While Lau’s work celebrates one of the most recognizable aspects of China’s architectural past, it also looks at the cultural impact such living arrangements had on the world’s most populous country. “My work is always about types of architecture and ways of life,” he says of the exhibit, and the hutongs themselves, which have “sustained Chinese ways of living and life.”
While the pace of change in China has been remarkable, Lau wanted to preserve the feelings of the oasis of calm to be found in the midst of a major city of more than 15 million people.
“That way of life is very beautiful. Your heartbeat slows down,” he says of his experiences relaxing in a hutong. Looking around, it would not be unusual to see people playing chess, practising tai chi or having tea. “That kind of neighbourhood supports that way of life. [It is] a different rhythm.
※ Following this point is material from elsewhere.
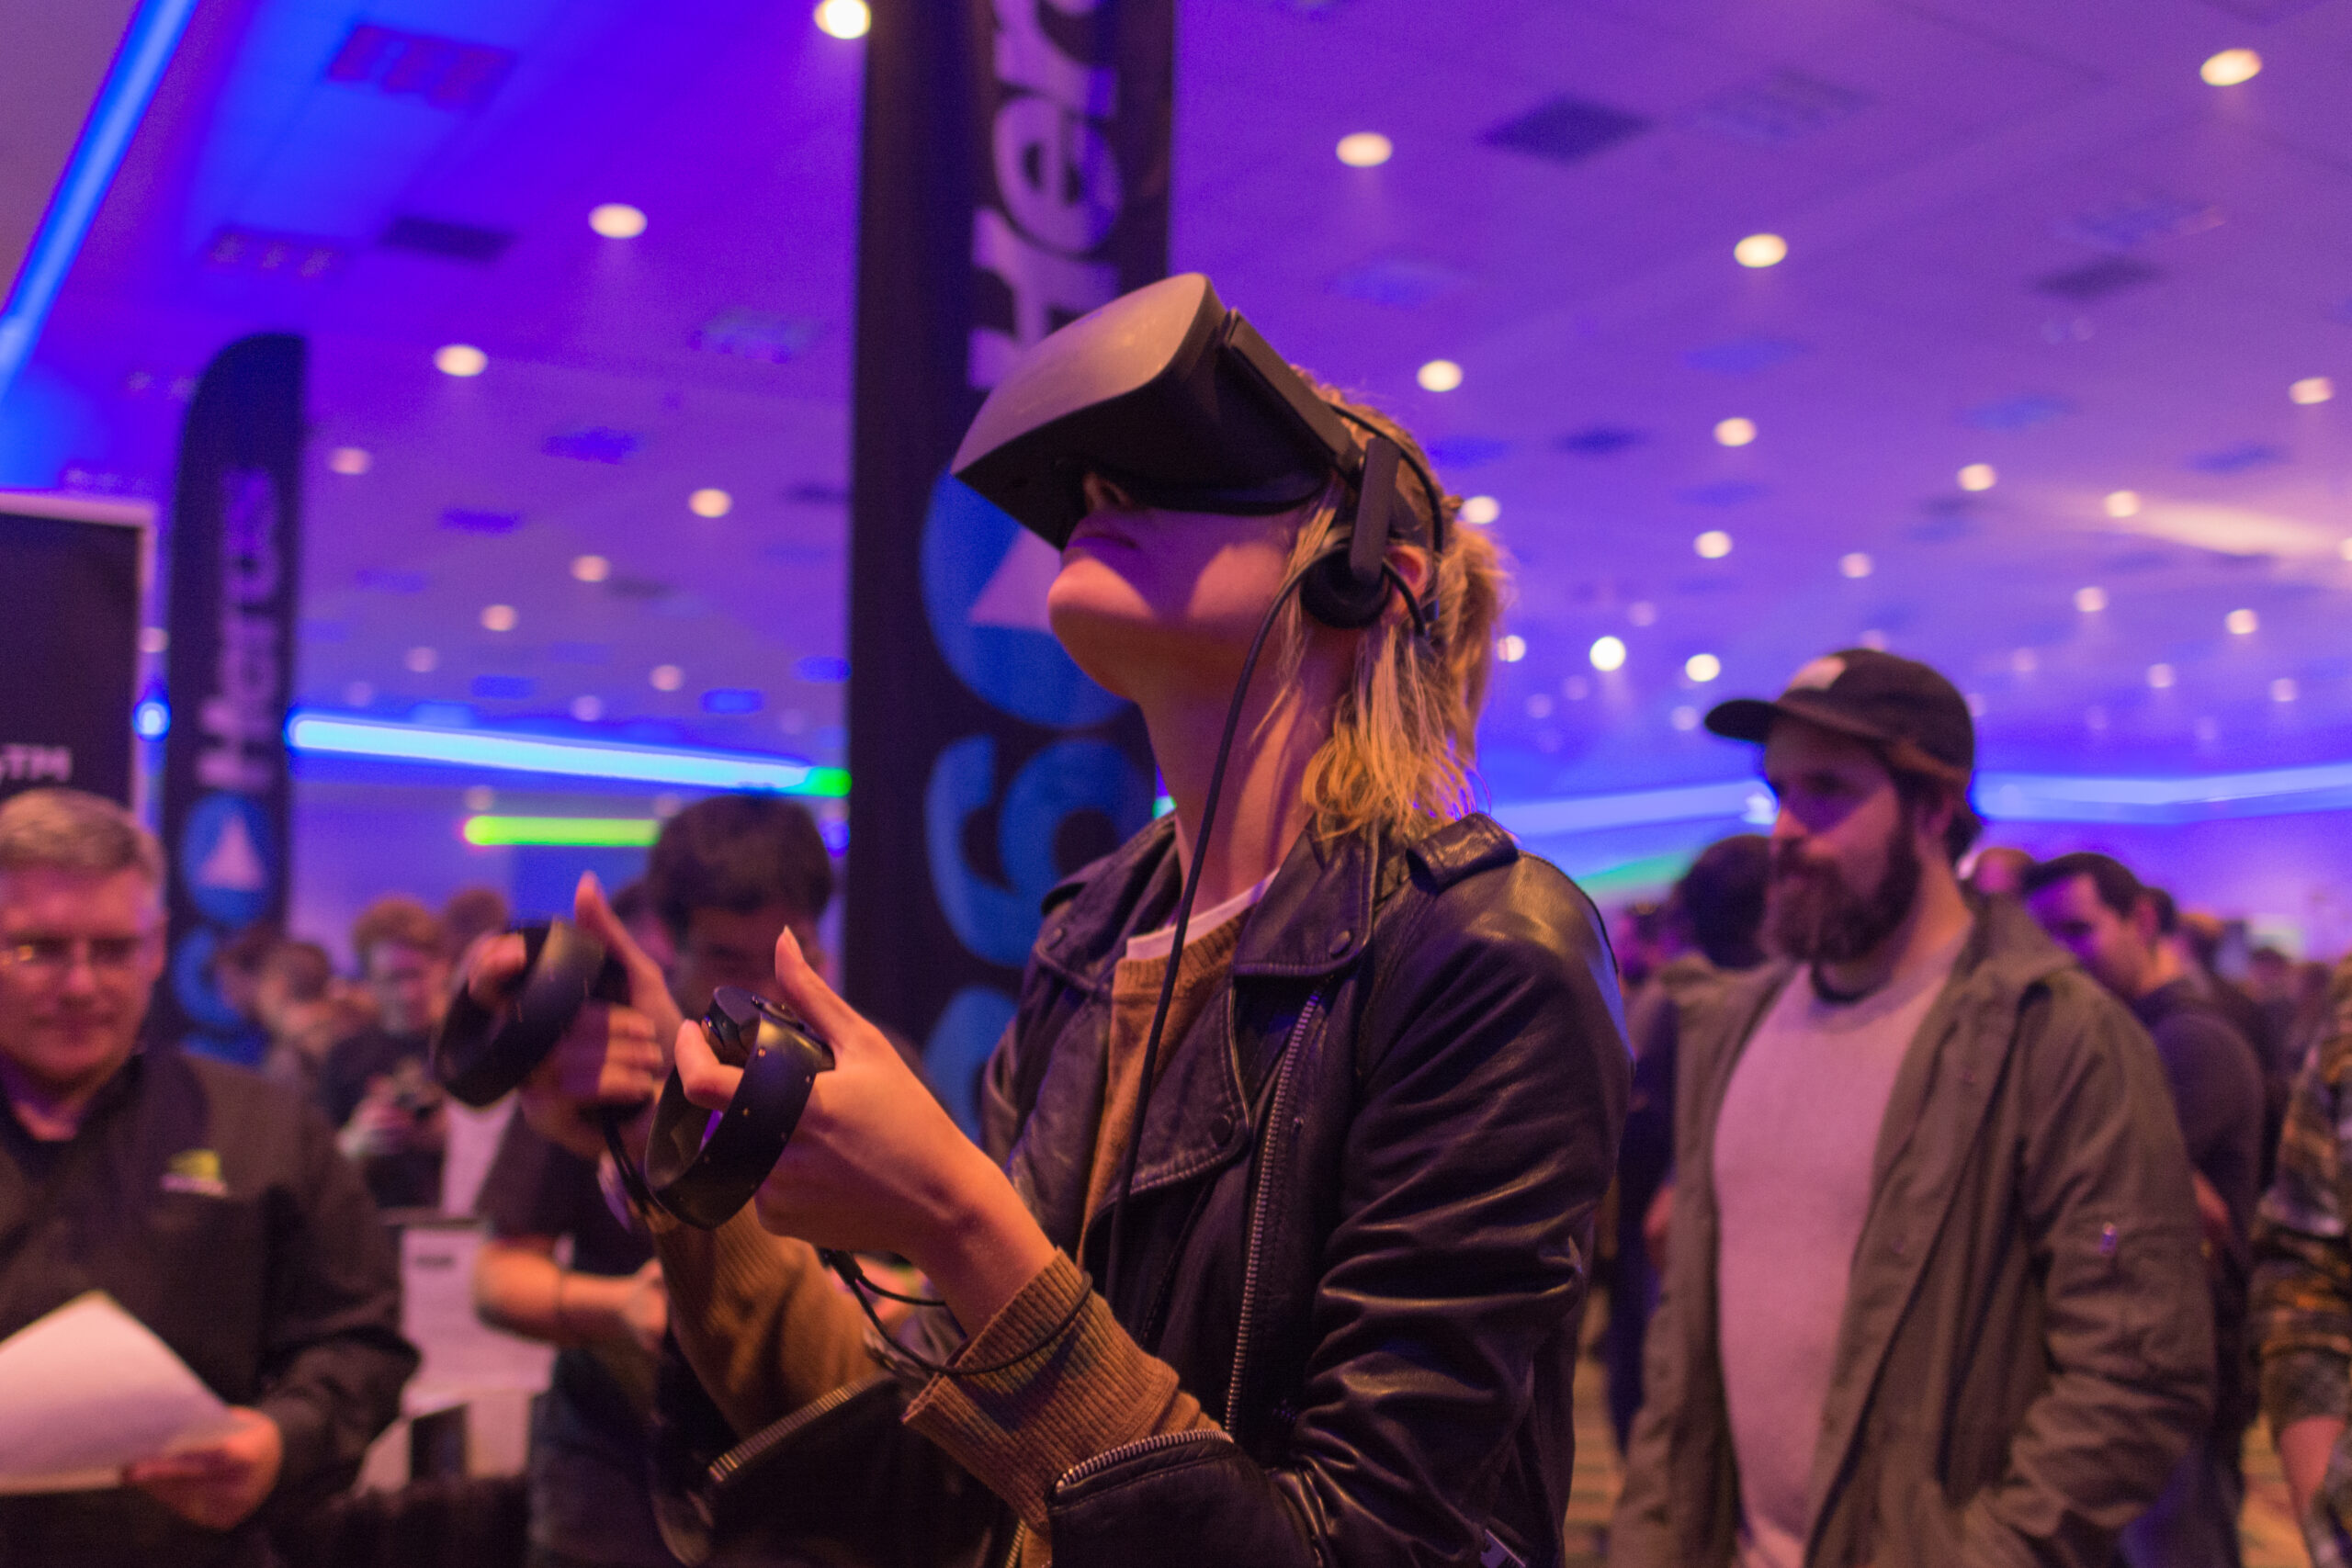 Reality check: Virtual events and the metaverse are not the same

The energy is very hard to describe.... If you are stuck in a highrise, you don’t have the chance to live that communal aspect of living.”
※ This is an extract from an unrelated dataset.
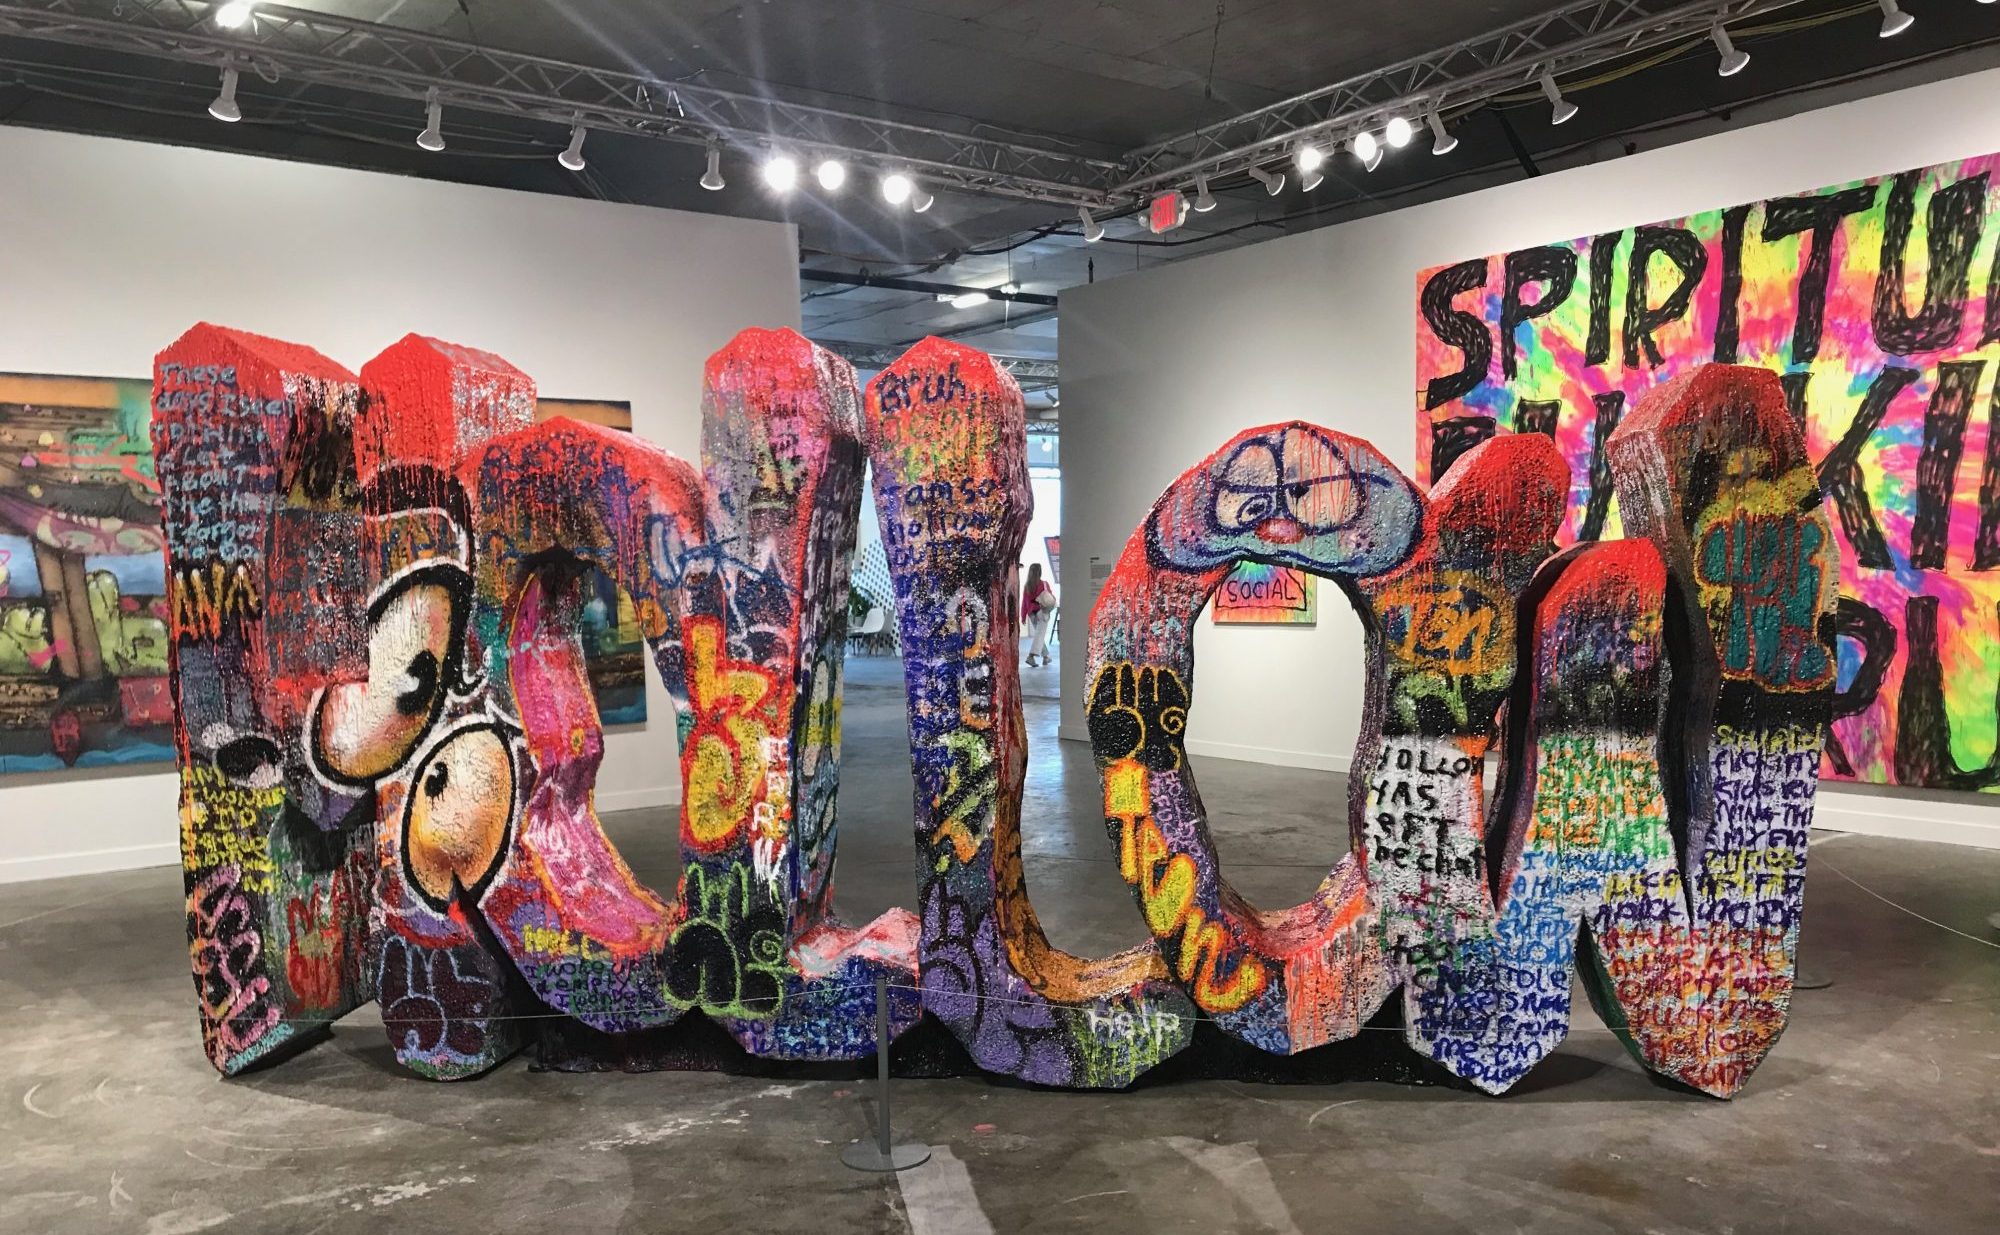 The world's largest street art exhibition arrives in Williamsburg

Graduate student is president of writers’ association
Tanya Gulliver grew up in Bridgenorth and attended Chemong Public School and Thomas A. Stewart Secondary School before going to York’s Glendon College, wrote The Peterborough Examiner Sept. 18 in a profile of the graduate student.
Gulliver is a freelance writer, university instructor and consultant living in North York. She is also a PhD student in environmental studies at York and her research will explore how Hurricane Katrina affected different communities in New Orleans.
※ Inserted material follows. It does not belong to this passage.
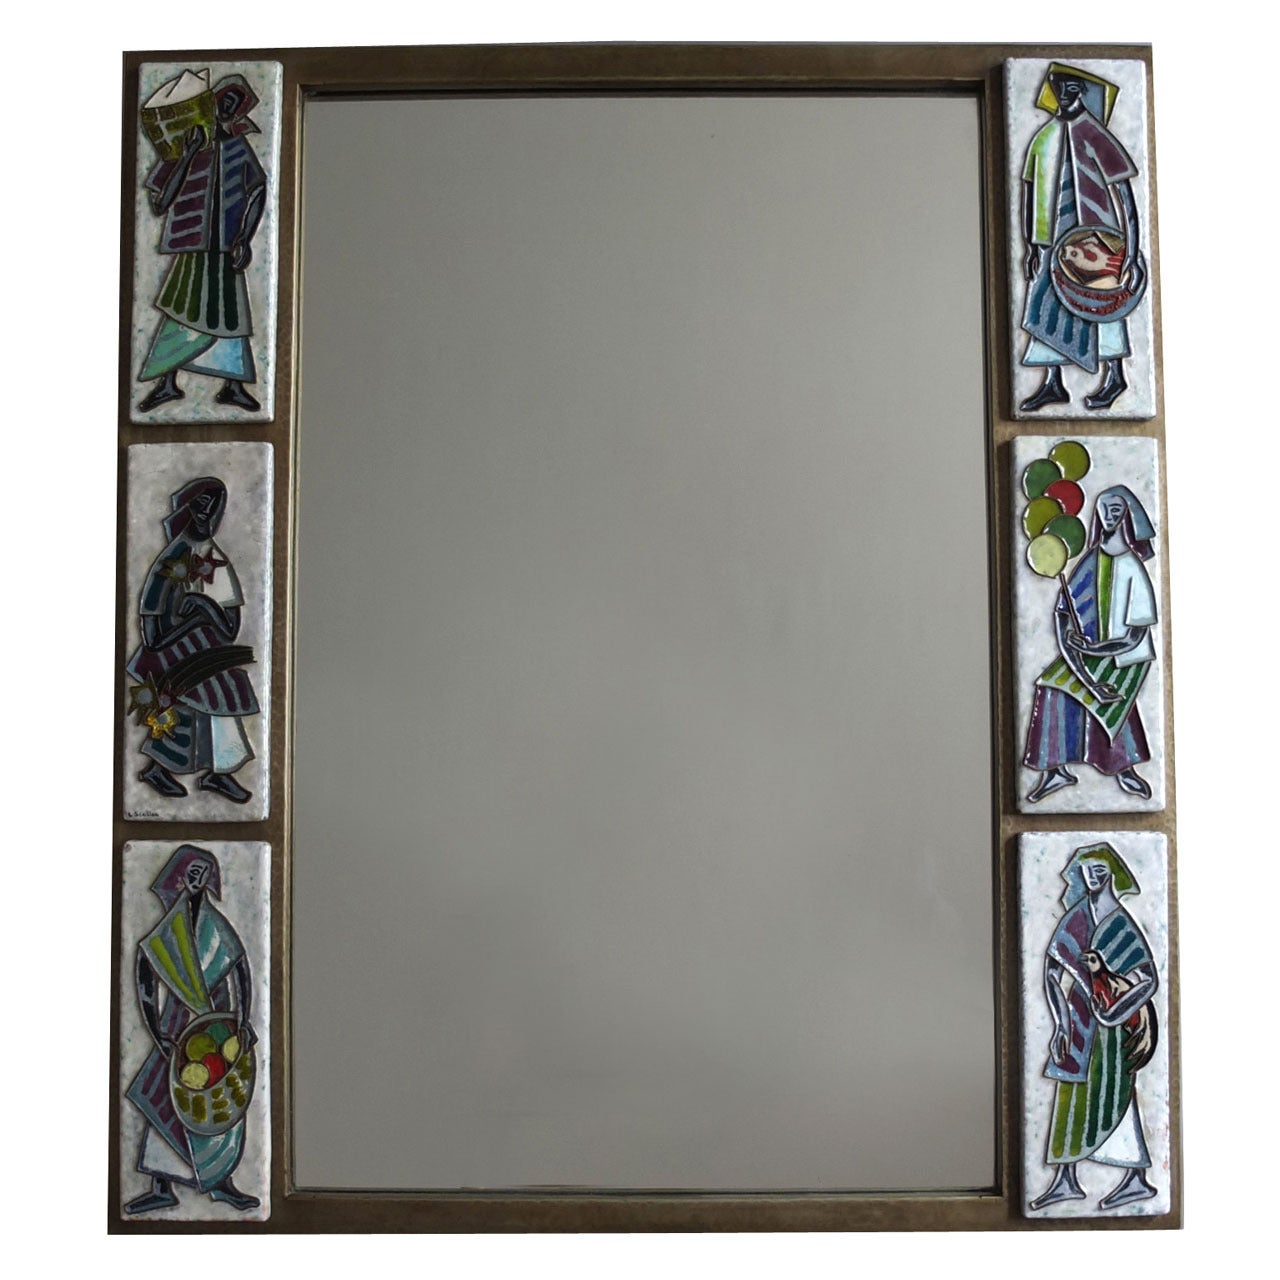 A Fine French 1960s Metal and Ceramic Framed Mirror by Scaillon For Sale

Gulliver is in her second term as president of the Professional Writers Association of Canada, which represents more than 600 non-fiction freelance writers across the country.
She is a co-author, along with Nate Hendley and Karen Lloyd, of the newly published Toronto Book of Everything: Everything You Wanted to Know About Toronto and Were Going to Ask Anyway.
FES graduate student chairs first Food Policy Council meeting
The Toronto Youth Food Policy Council is now recruiting members who are interested in food policy, food security, urban agriculture, farming and related topics, wrote the Toronto Star Sept. 18 in a story about the group’s first meeting.
“For the first time, youth are being given a voice in the food policy discussion,” says acting Chair Tracy Phillippi, a York University graduate student working on a master’s degree in environmental studies. She’s one of seven members and one consultant on the council.
Immediate plans include creating a newsletter to connect members with food issues and happenings, joining a World Food Day conference with FoodShare on Oct. 16, and planning a winter solstice celebration. The council meets again Oct. 5 at 5:30pm at City Hall.
York student to teach at Studio III Dance
Award-winning choreographer and York student Julia Cosentino, will be bringing her training from Coffey’s Danc’n Place Ltd., York University and the National Ballet School to ballet, jazz and contemporary students at Studio III Dance, wrote the Orangeville Banner , Sept. 17.
Consentino has held various dance titles including Senior Miss award winner at the CanDance competition in 2008 and has choreographed pieces that have won her students Junior Miss Dance 2008, Chapter 43, and Teen Miss Dance 2008, Chapter 43.
On air
- Leo Panitch, Distinguished Research Professor of Political Science and Senior Canada Research Chair in Comparative Political Economy in York’s Faculty of Liberal Arts & Professional Studies, spoke about global market capitalism on AM640 Radio Sept. 17.
- Ashwin Joshi, marketing professor in the Schulich School of Business at York University, spoke about the place of social networking in business on BNN TV Sept. 17.